Second, though, is the larger implication: a blurring between long-standing assumptions and cultural norms in communities of creative and design practice. Until recently, media have changed so slowly in human history that we could take for granted the distinctions between photography, design, architecture, painting, writing, and even things like information science, human factors and programming.

But if you think of the Web as the most powerful “compositing tool” ever invented, it starts to be more clear why so many professions / practices / disciplines are struggling to maintain a sense of identity — of distinction between themselves and everyone else. It’s even happening in corporations, where Marketing, Technical Writing, Programming and these wacky start-up User-Experience Design people are all having to figure each other out. The Web is indeed a digital tool that is “melting” things down, but not just media.

The "Game Layer" In NYT (well, sorta)

My obsession with what I call the “game layer” aside, it’s interesting that the mainstream press are now reporting on how using “game mechanics” in business software can create more engaging & useful ways of working with data, collaborating, and getting work done.

Why Work Is Looking More Like a Video Game – New York Times

Rave adapts a variety of gaming techniques. For instance, you can build a dossier of your clients and sales prospects that includes photographs and lists of their likes, dislikes and buying interests, much like the character descriptions in many video games. Prospects are given ratings, not by how new they are — common in C.R.M. programs — but by how likely they are to buy something. All prospects are also tracked on a timeline, another gamelike feature.

(Thanks, Casey, for the link!)

The Glider as Hacker Emblem

glider emblem

This is delightful. A sort of logo for hacker culture. Not hackers as in criminals (hacker culture calls those people ‘crackers’ among other things) but hackers as in lateral-thinking technology heads.

The graphic … is called a glider. It’s a pattern from a mathematical simulation called the Game of Life. In this simulation, very simple rules about the behavior of dots on a grid give rise to wonderfully complex emergent phenomena. The glider is the simplest Life pattern that moves, and the most instantly recognizable of all Life patterns.

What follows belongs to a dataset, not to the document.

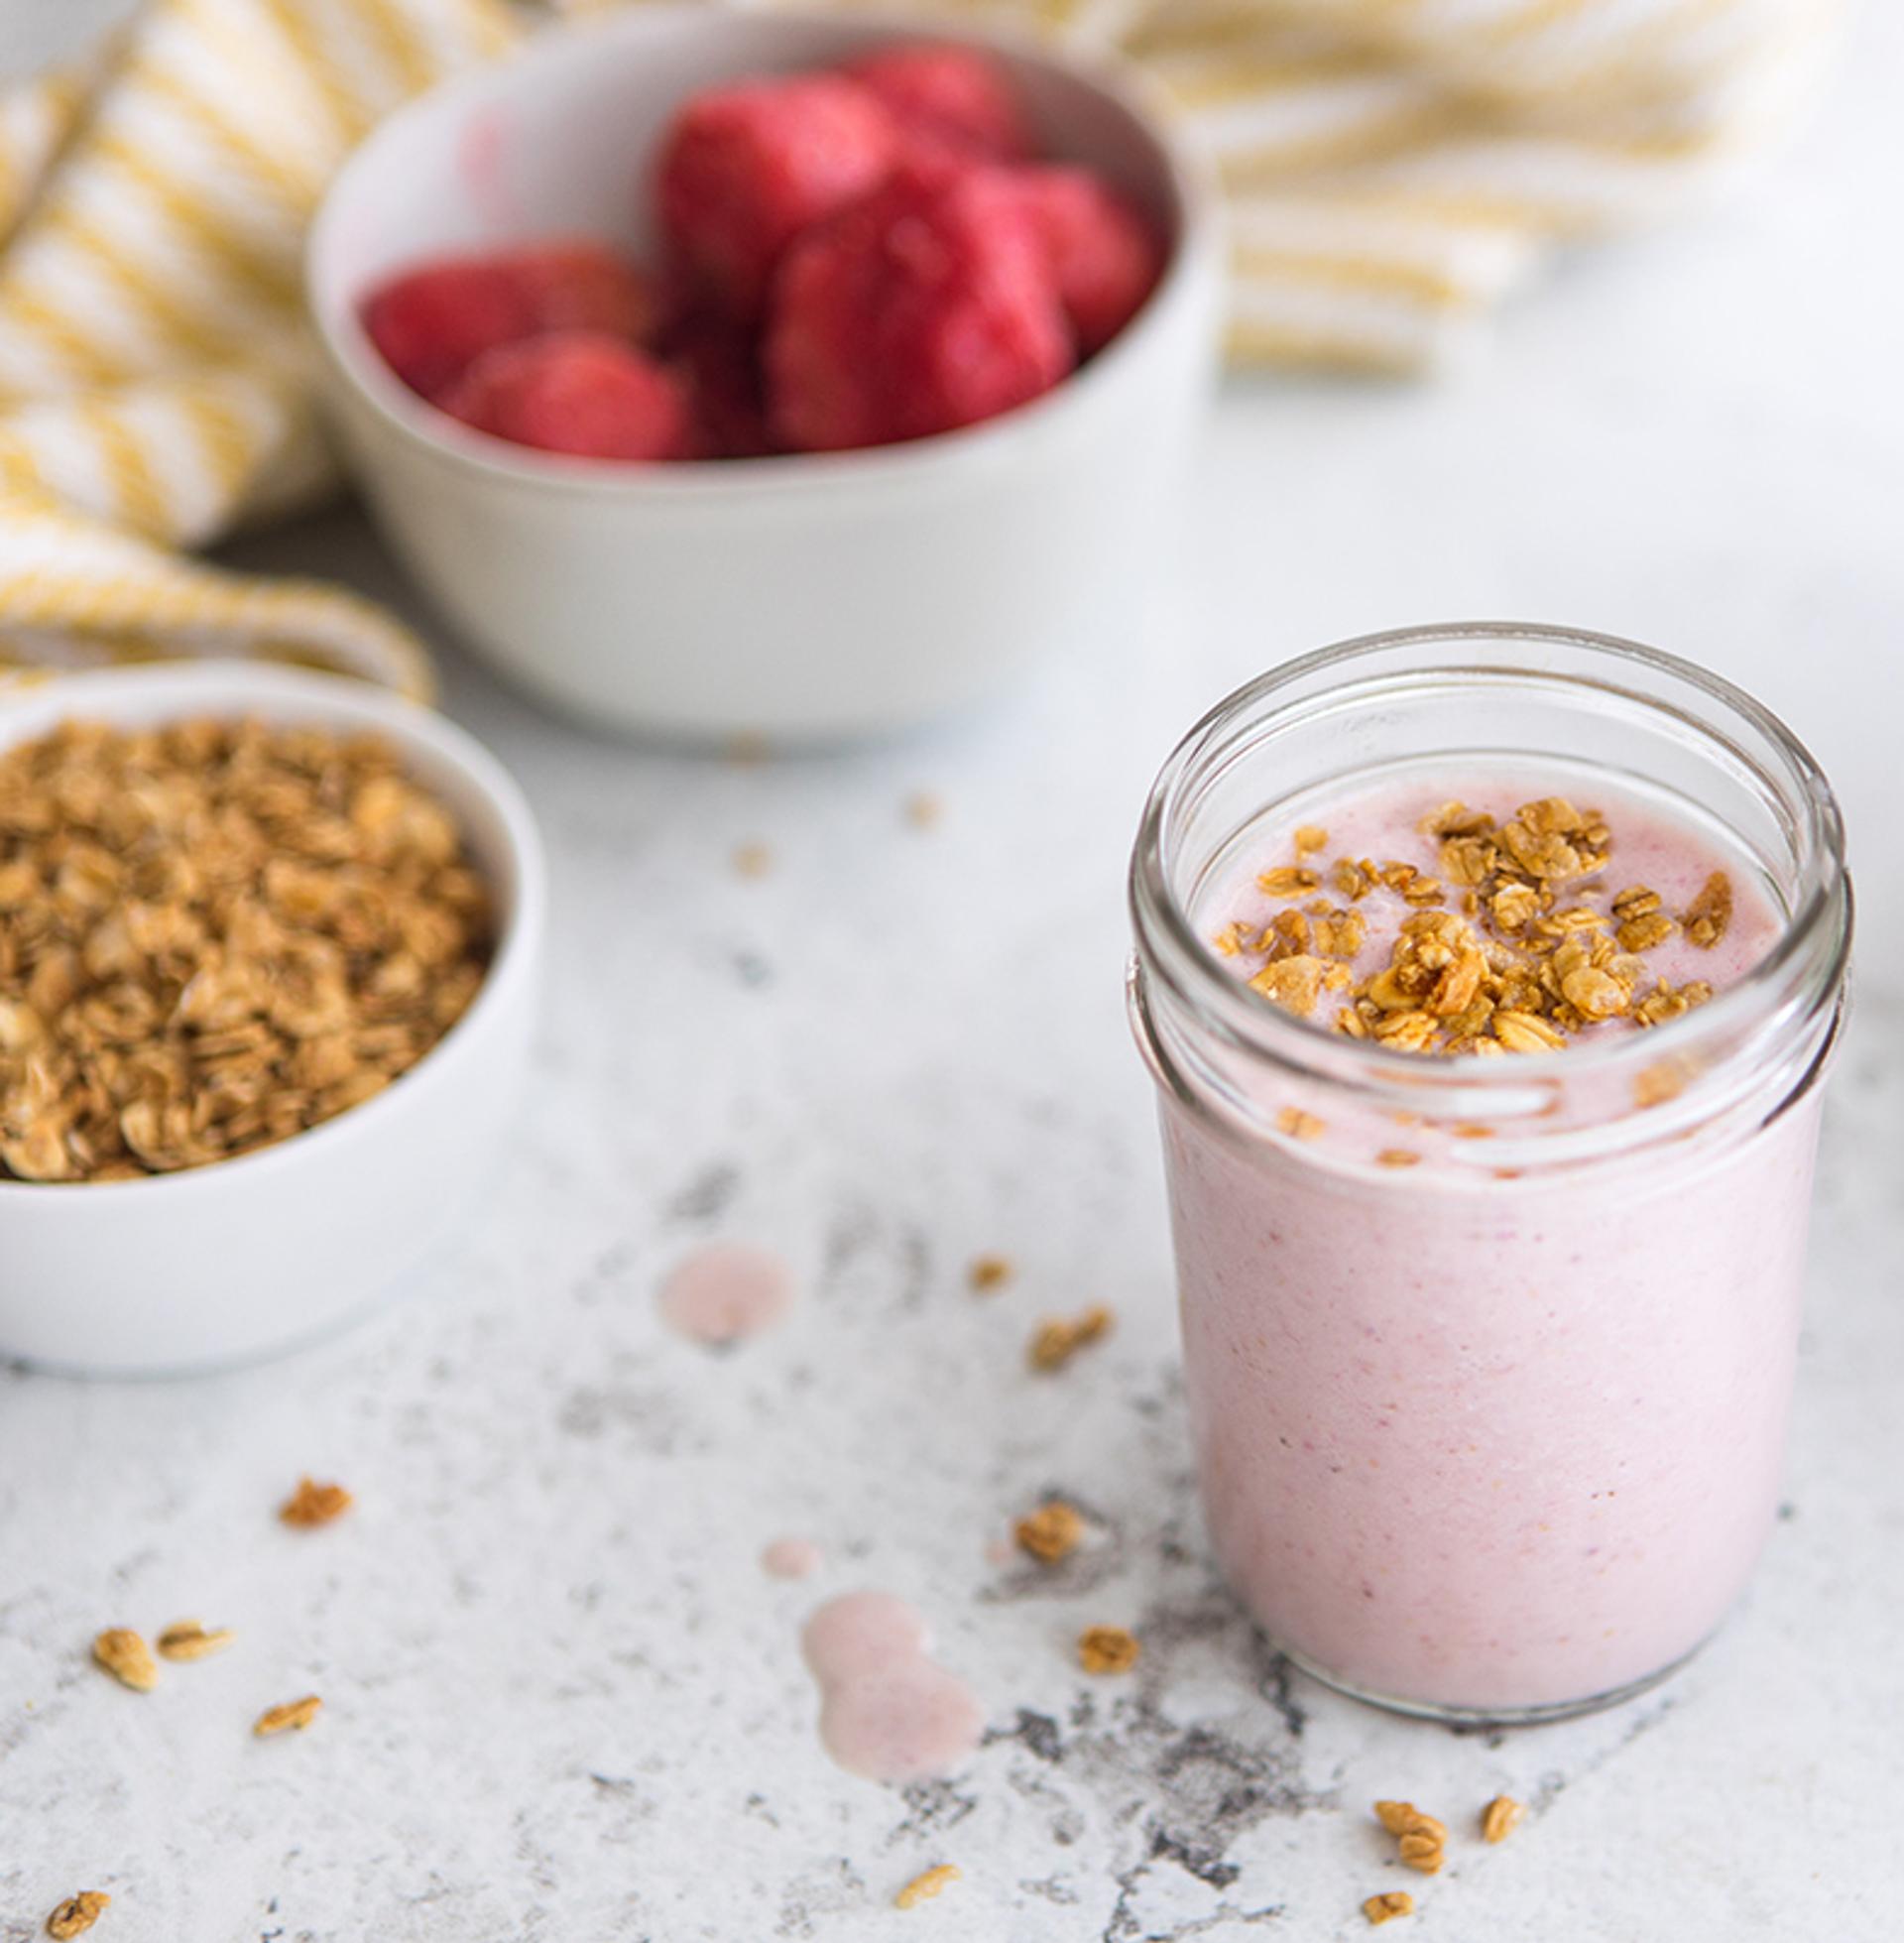 Strawberry Banana smoothie topped with granola sits on a marble countertop with Organic Valley milk and granola.

I love this emblem because it really does reference so many things I adore about the internet, what’s happening on it, and the culture that I believe to be the beating heart of it.

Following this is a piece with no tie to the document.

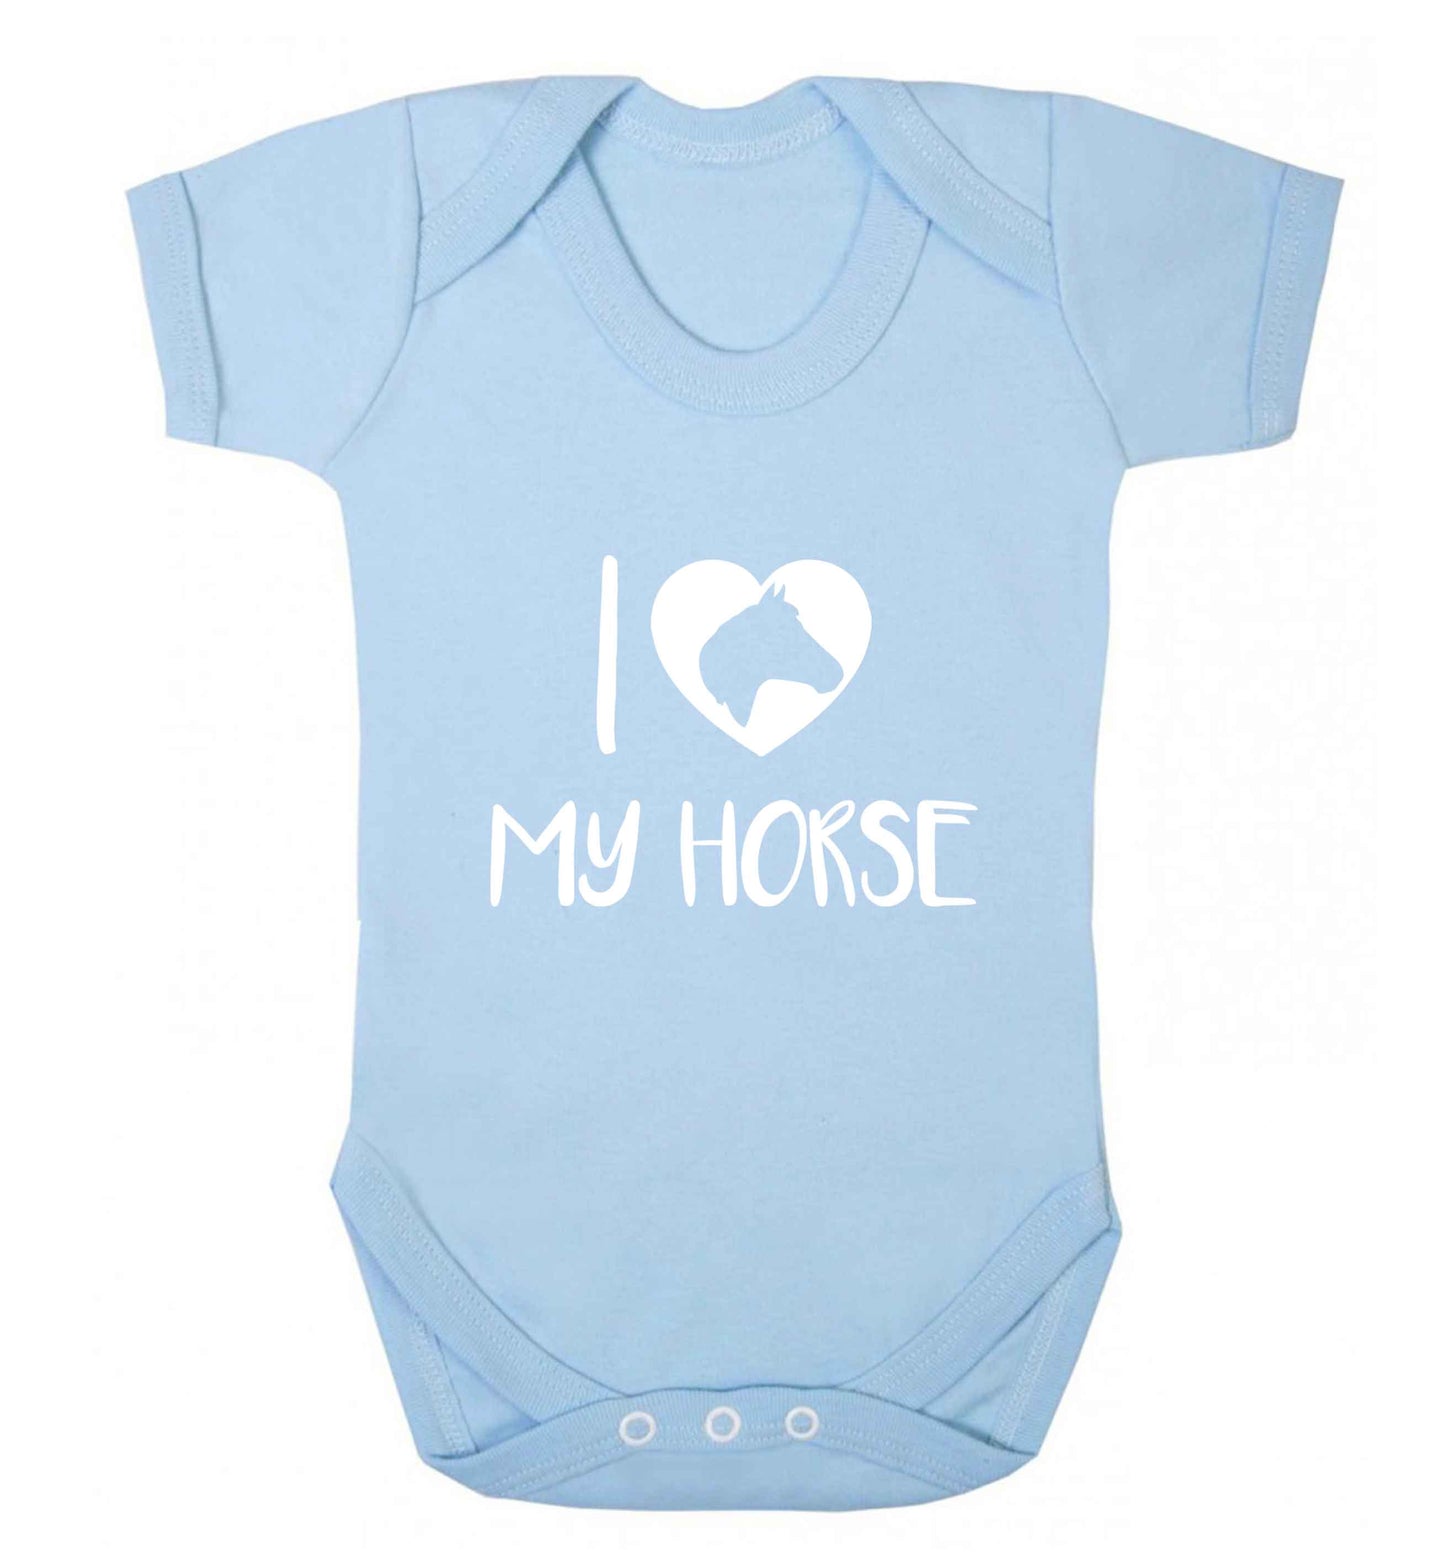 I love my horse baby vest pale blue 18-24 months

Here’s some of the explanation from Frequently Asked Questions about the Glider Emblem

The glider is an appropriate emblem on many levels. Start with history: the Game of Life was first publicly described in Scientific American in 1970. It was born at almost the same time as the Internet and Unix. It has fascinated hackers ever since.
In the Game of Life, simple rules of cooperation with what’s nearby lead to unexpected, even startling complexities that you could not have predicted from the rules (emergent phenomena). This is a neat parallel to the way that startling and unexpected phenomena like open-source development emerge in the hacker community… The glider fulfils the criteria for a good logo. It’s simple, bold, hard to mistake for anything else, and easy to print on a mug or T-shirt. It could be varied, combined with other emblems, or modified and infinitely repeated for use as a background

I’ve been going on and on about how the internet has given rise to a “game layer” to the world we live in: a sort of subcutaenous skin of data that connects everything, and mirrors the logic of our world. (Hence the number of friends you have on MySpace; the location you’re twittering from in Twitter; which songs you listen to the most on your iPod; the ability to track a UPS package at every turn; and on and on). Everything we attach to the network becomes more data, and if it’s data, it’s game-able.

Hacking itself is a kind of game, and the culture is very playful. I can’t get enough of this idea that “play” and “game,” once expanded some in their meaning and context, show us entirely new frames of reference that help explain what’s happening in the world.